Thursday, February 19, 2009

Candidia Glabrata Treatments

happens I am sick of being a man

Since we are ... the poem dedicated to Olga Margarita. A caress for the soul, a great poet.

happens I am sick of being human.
happen to enter tailor shops and movie houses withered, impenetrable
like a felt swan navigating in a water source and ash.
The smell of barbershops makes me mourn aloud.

just want a break from stones or wool,
just want not to see establishments or gardens,
no goods, no spectacles, no elevators.
happens I am sick of my feet and my uñasy my hair and my shadow.

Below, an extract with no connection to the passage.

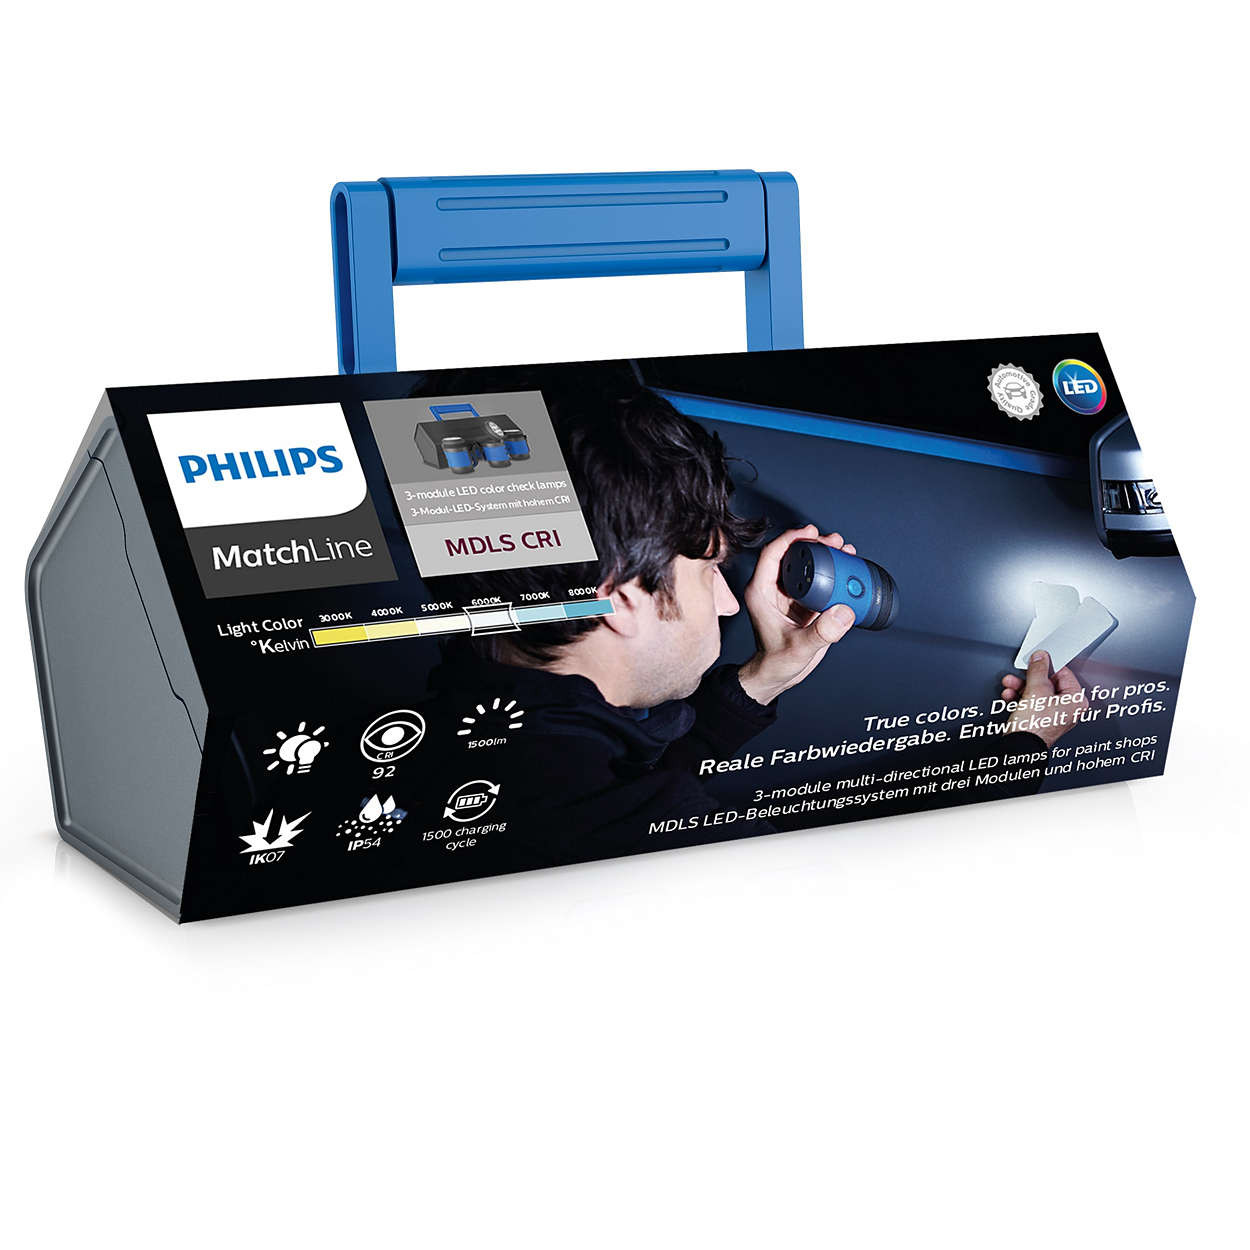 LED-Werkstattlampe-MDLS-hohe-CRI-Multidirektionales-Beleuchtungssystem-Philips
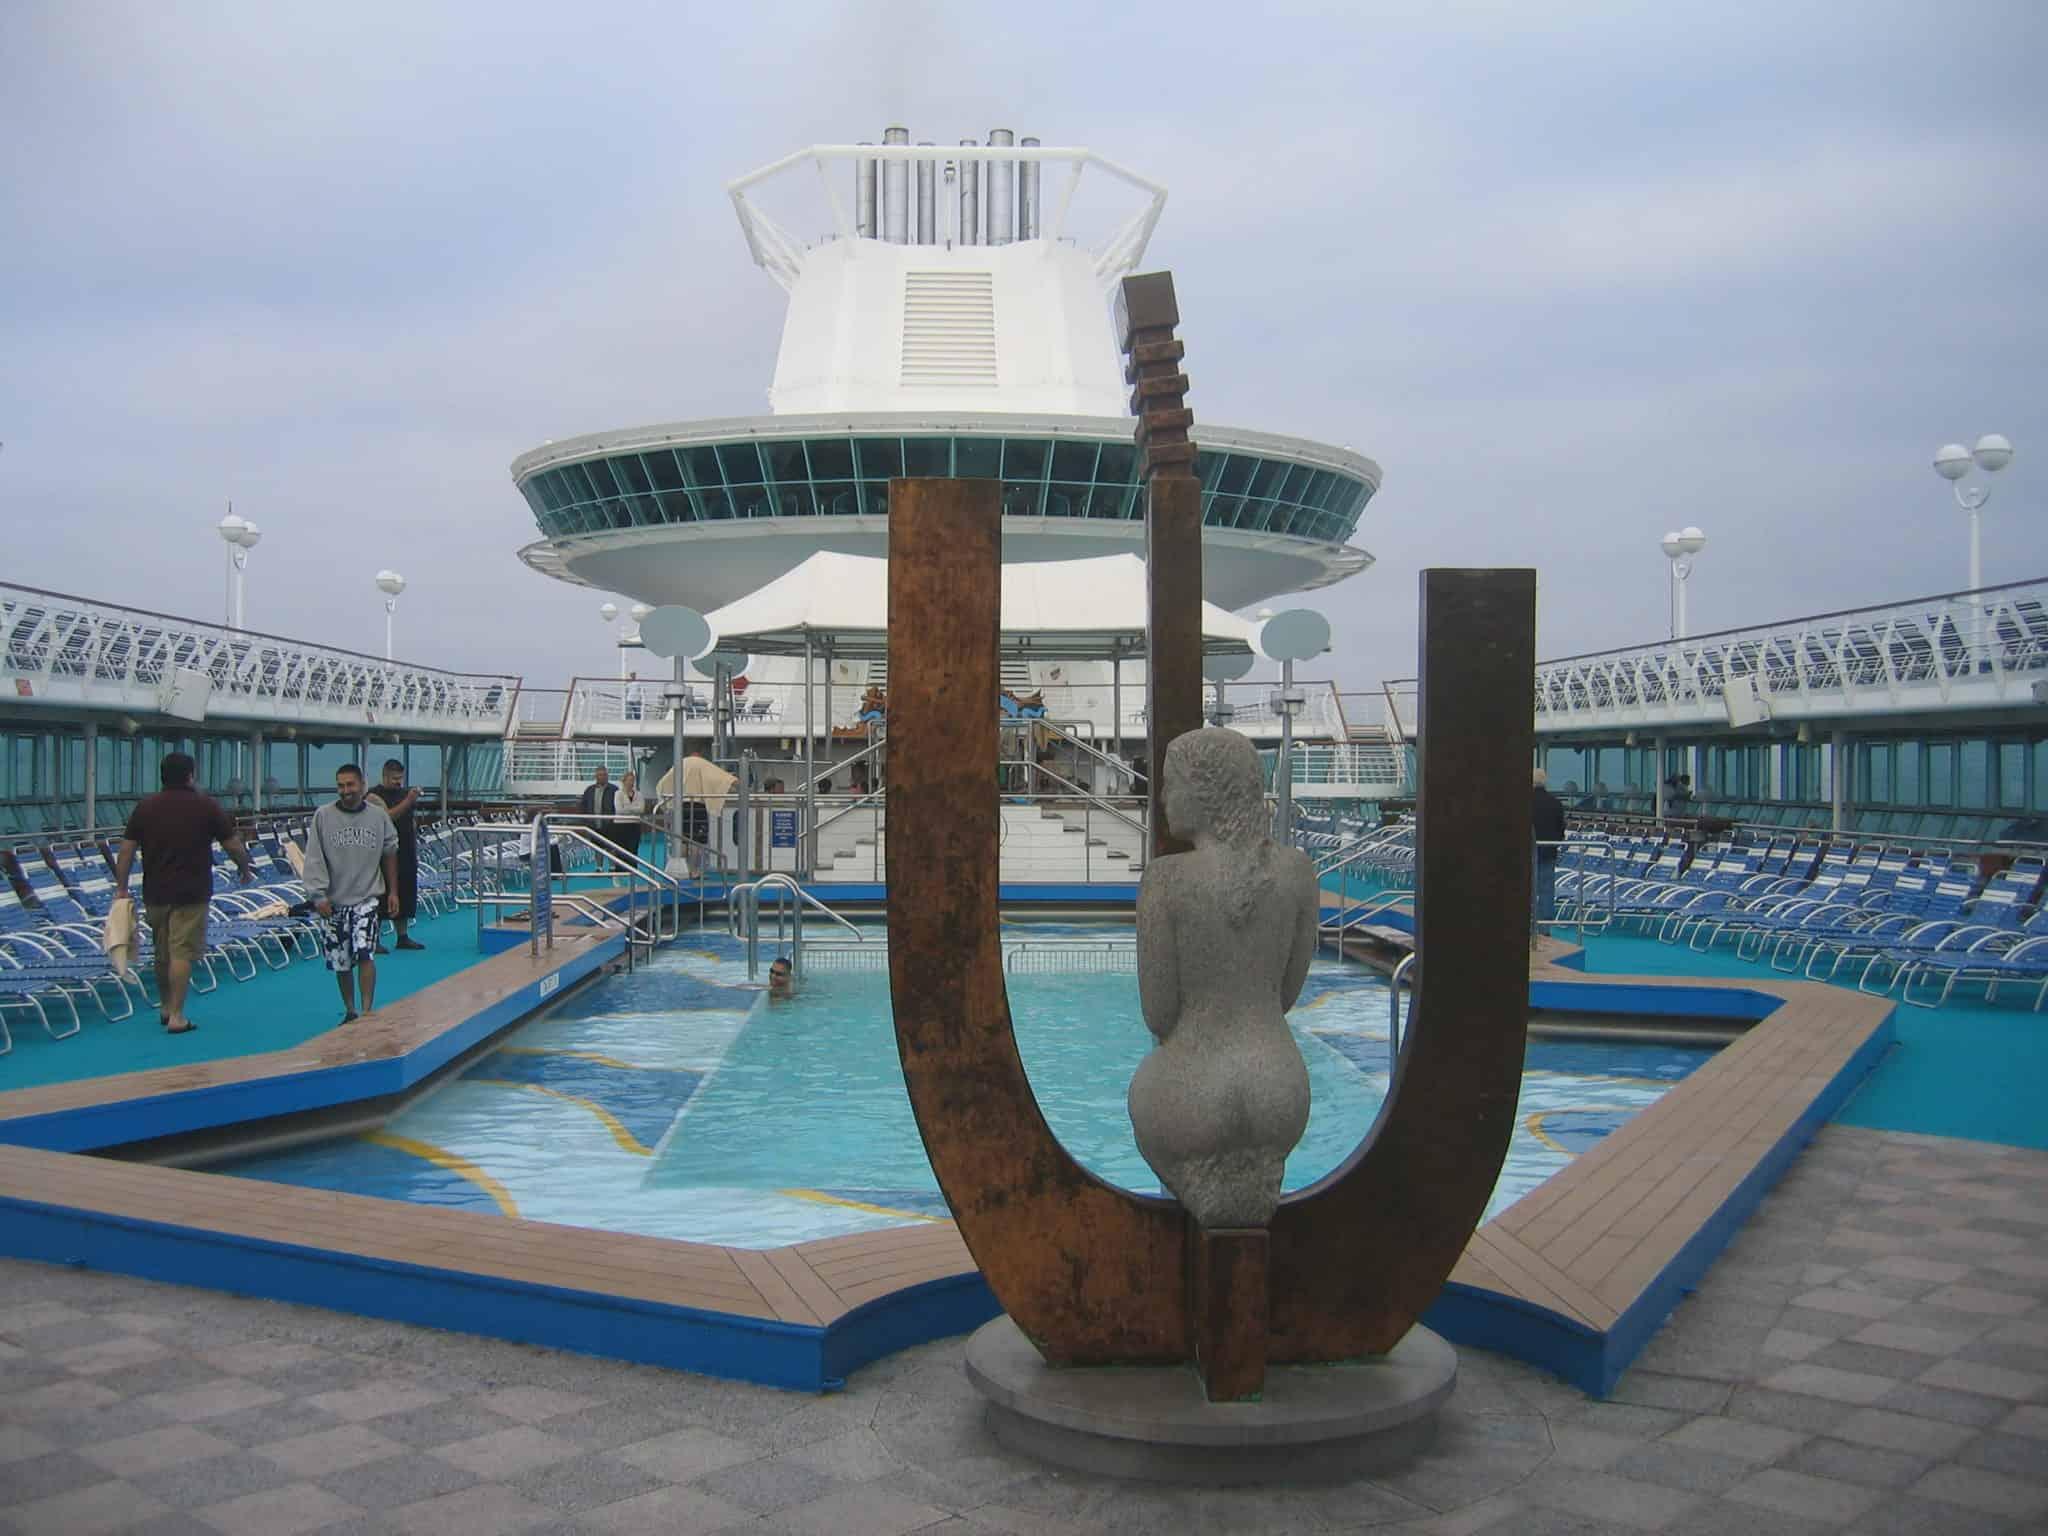 Monarch Lido Pool Royal Caribbean

happens I am sick of being human. However
would be delicious to scare a notary with a cut lily,

kill a nun with a blow on the ear.
would be great to walk down the street with a green knife
and screaming until they die of cold I do not want to remain
root in the shadows, vacillating,

shivering with sleep, down,
into the moist guts of the earth,
absorbing and thinking, eating every day.
I do not want so much misery.

not want to go root and a tomb,
alone underground, a warehouse with corpses, half frozen, dying of grief.
So on Monday burns like oil

when he sees me coming with my convict face,
and howls on its way like a wounded wheel, and gives
hot blooded steps into the night. And I pushed
into certain corners,

into some moist houses, into hospitals where the bones fly out the window,
into shoe stores smell of vinegar,
streets hideous as cracks. There
sulfur-colored birds

and hideous intestines hanging over the doors of the houses that I hate, there
teeth forgotten in a coffeepot, there
espejosque vergüenzay should have cried horror, there are umbrellas
everywhere
and poisons, and navels.
I stroll along serenely, with eyes, with shoes, with fury, with forgetfulness,
step, through office buildings and orthopedic shops,
and courtyards with washing hanging on a wire:
underwear, towels and shirts from which slow dirty tears.